Work to complete. With pictures left out, copy exactly every line from the one containing "Wort Guru Level 472 Lösungen" through the end of the material.

Data below.

* * *

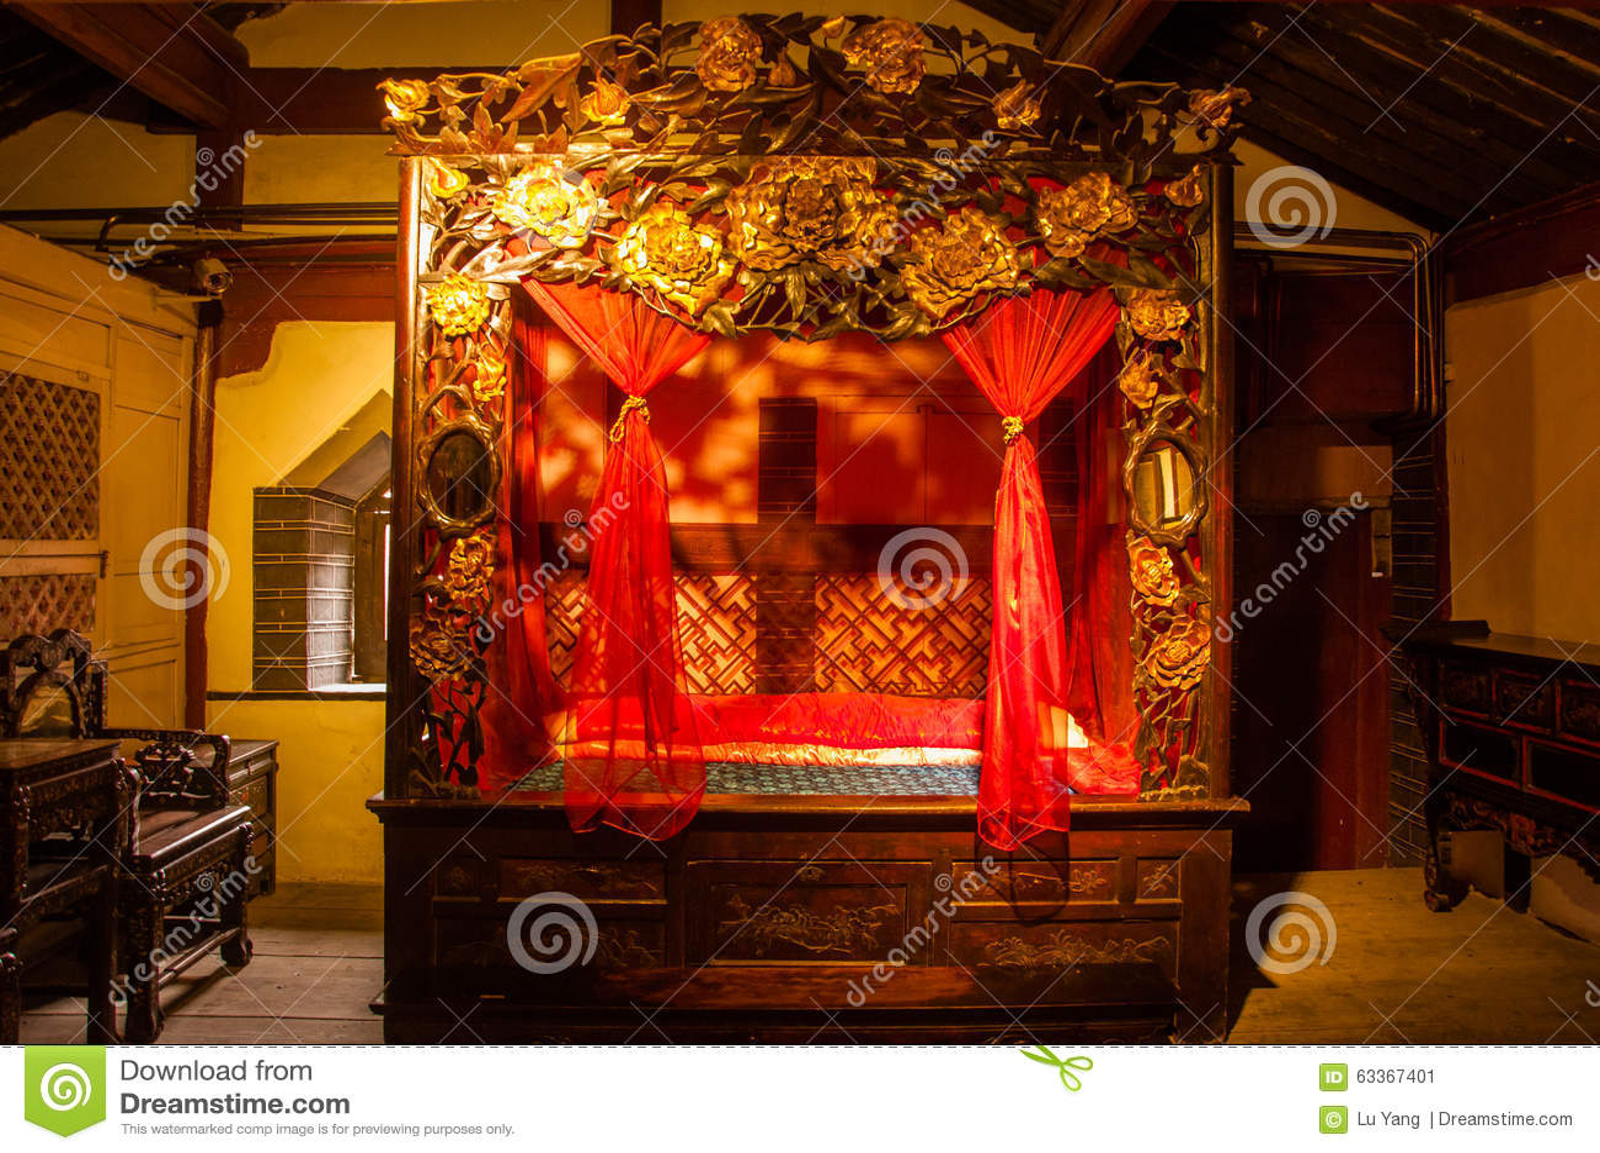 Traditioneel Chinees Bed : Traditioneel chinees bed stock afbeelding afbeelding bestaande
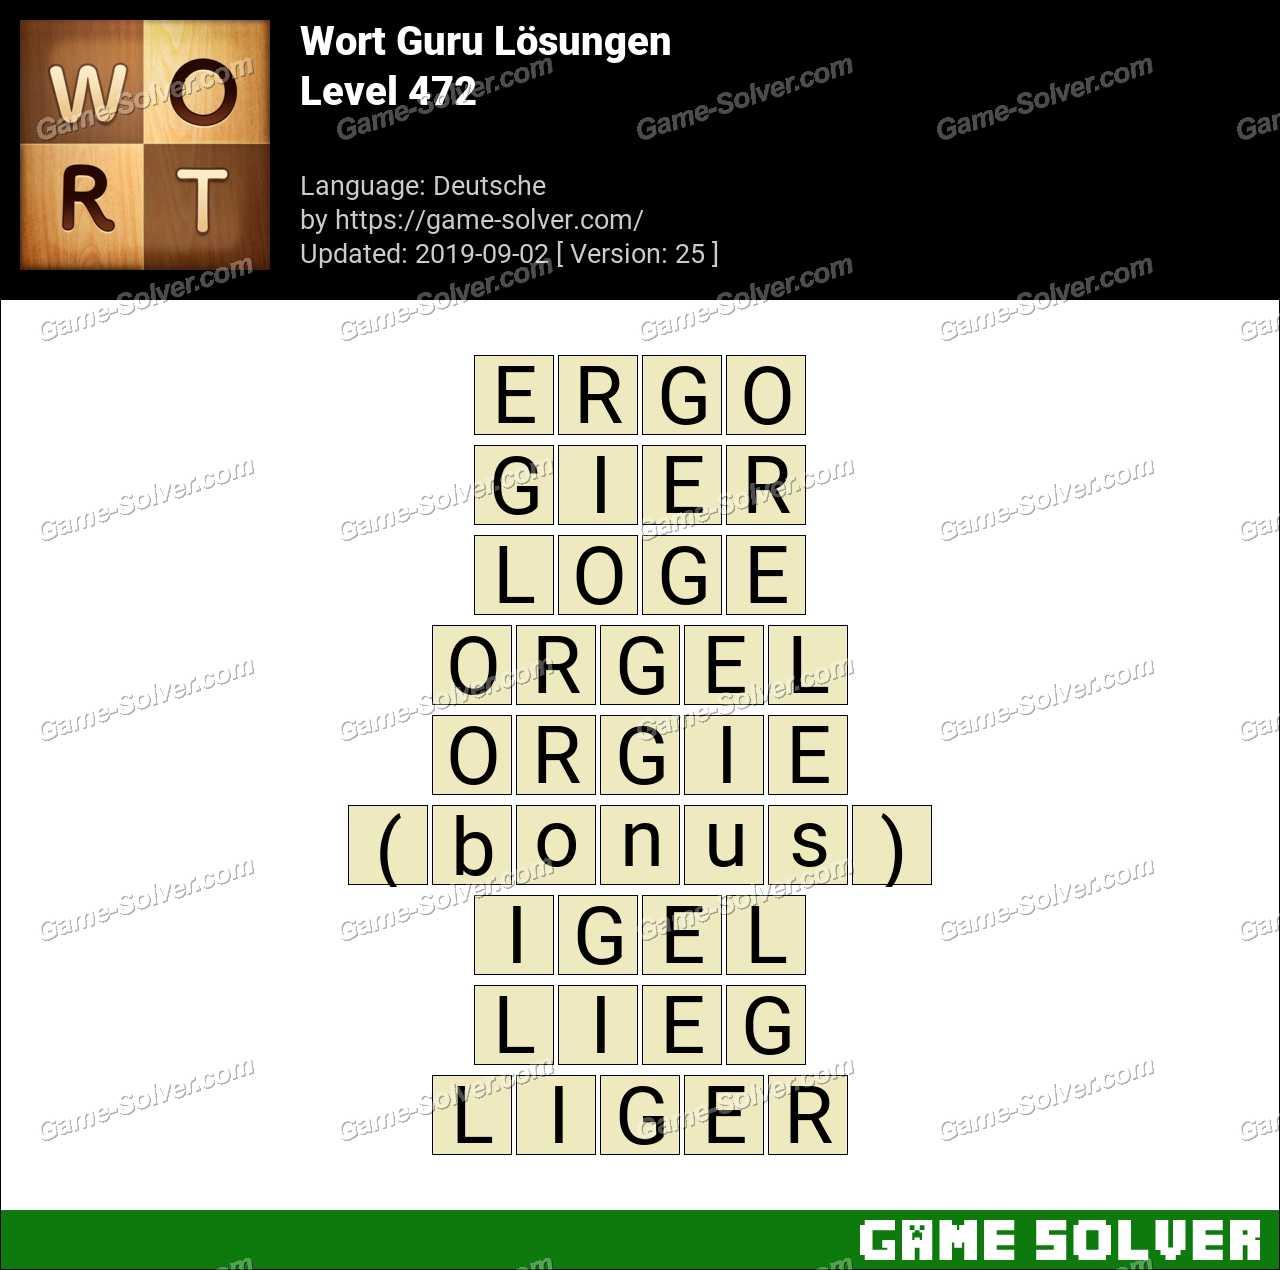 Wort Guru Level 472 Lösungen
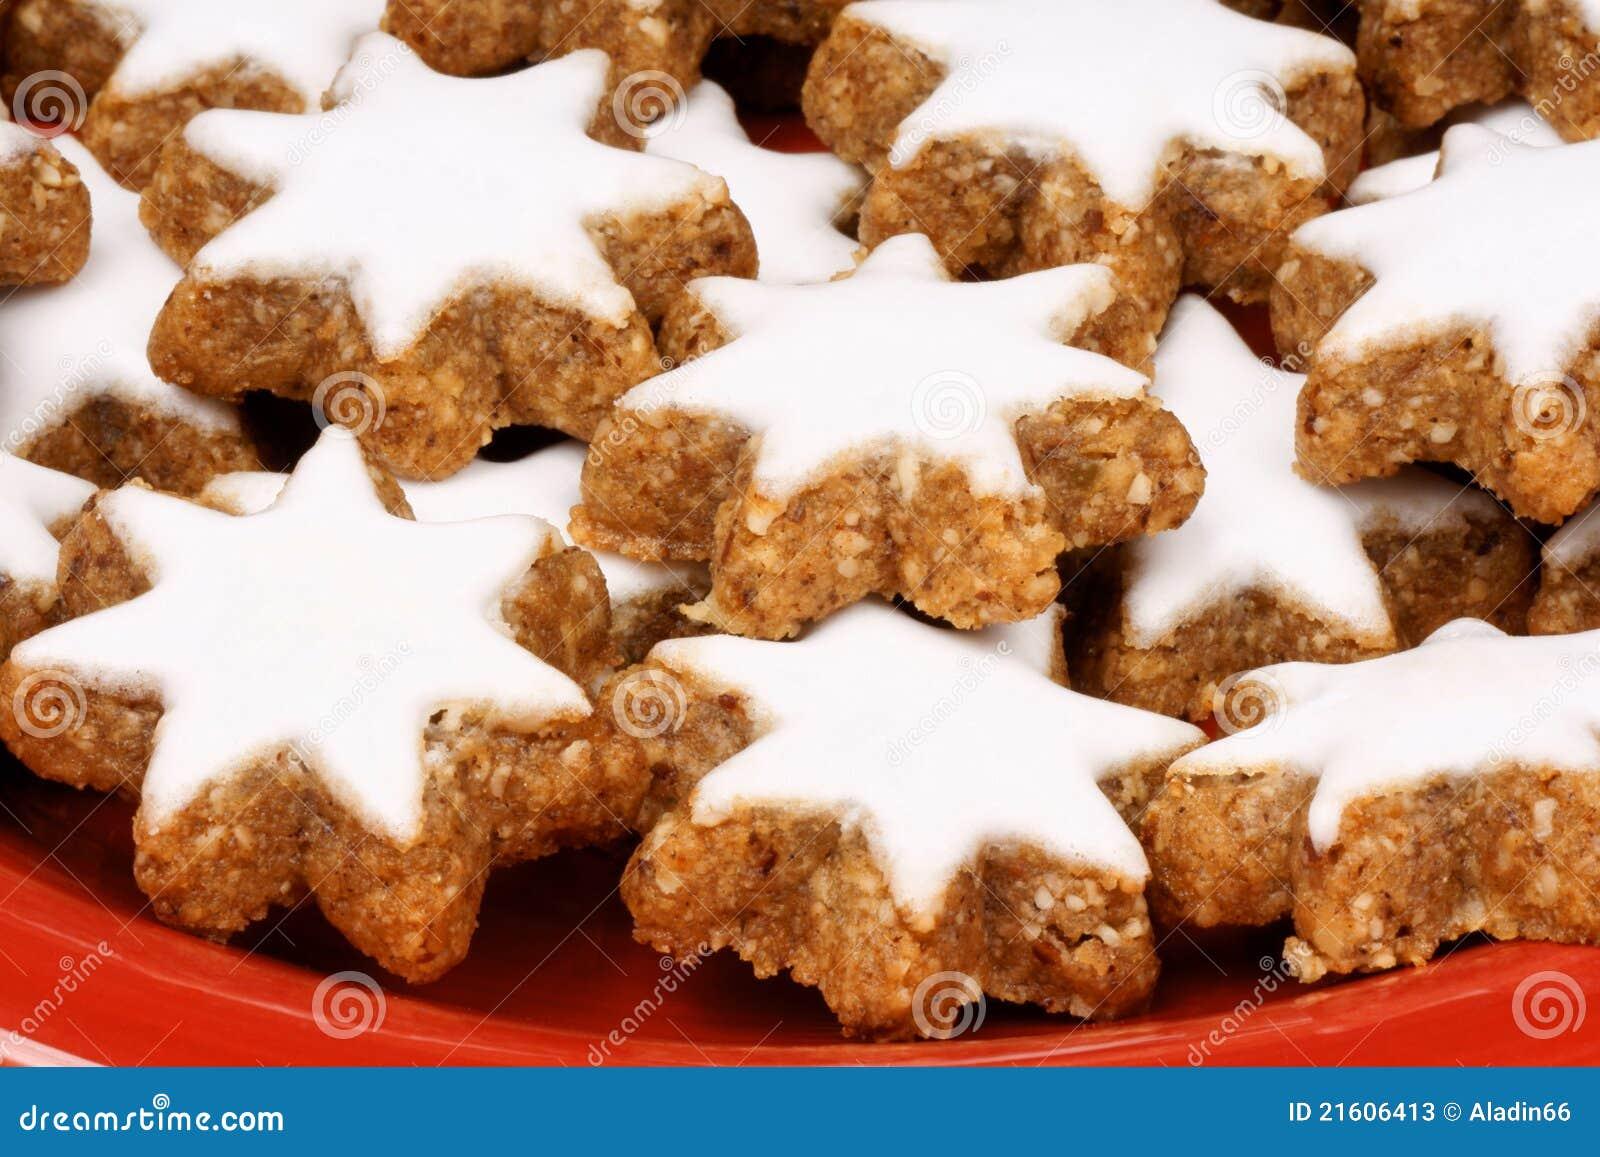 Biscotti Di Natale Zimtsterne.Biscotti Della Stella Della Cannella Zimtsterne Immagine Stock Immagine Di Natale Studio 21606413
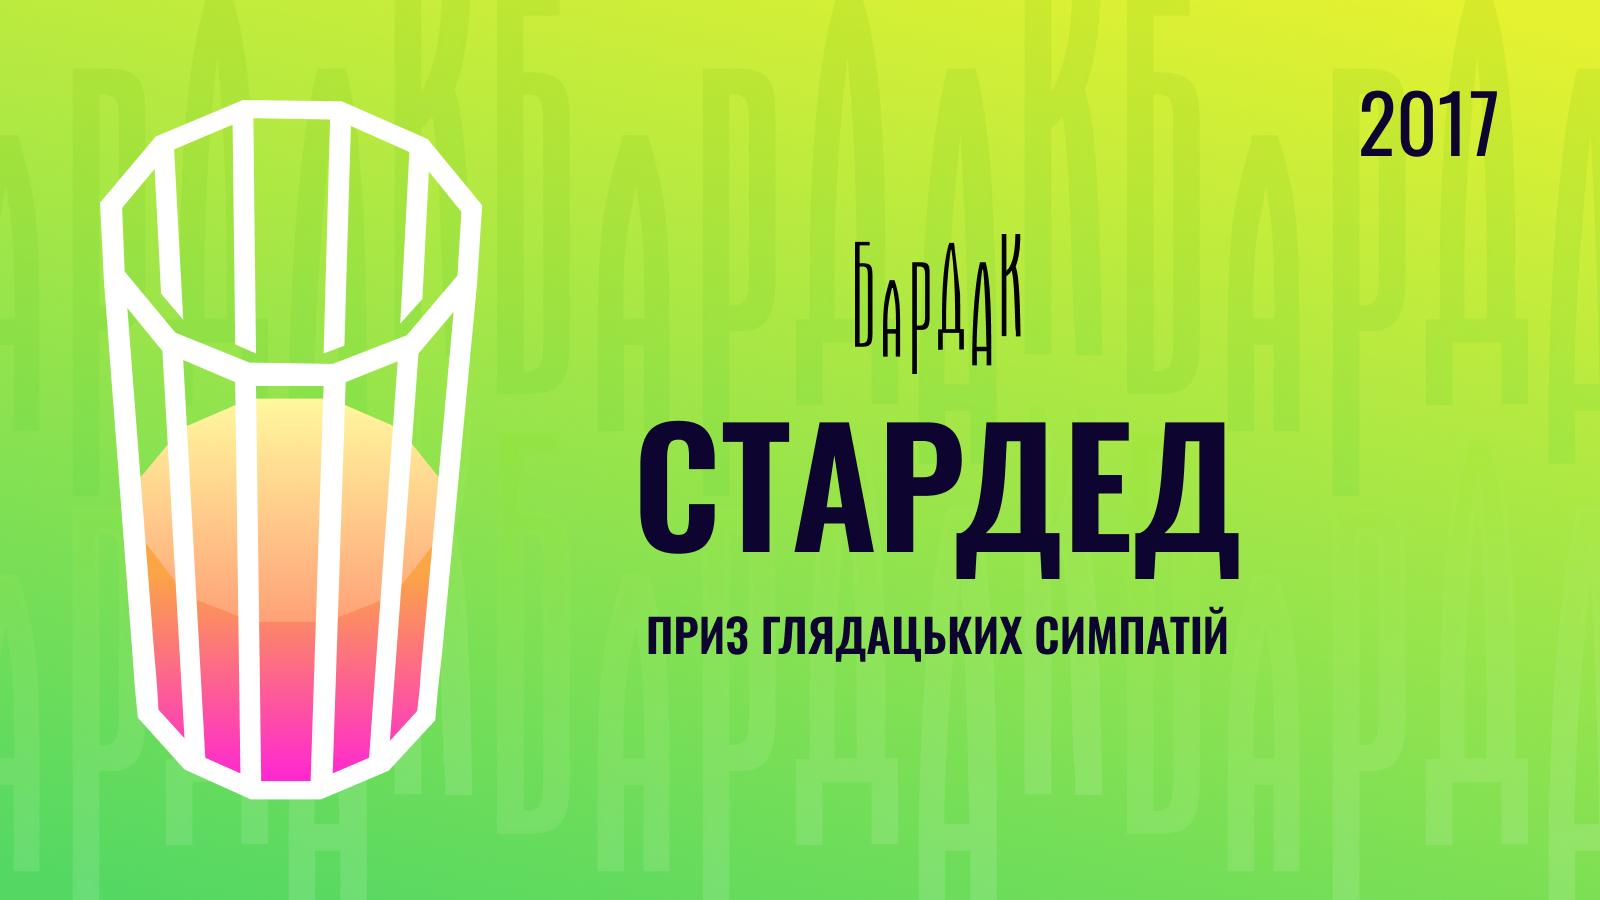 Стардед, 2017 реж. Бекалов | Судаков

* * *

Exercise solution.
 Wort Guru Level 472 Lösungen
 Biscotti Di Natale Zimtsterne.Biscotti Della Stella Della Cannella Zimtsterne Immagine Stock Immagine Di Natale Studio 21606413
 Стардед, 2017 реж. Бекалов | Судаков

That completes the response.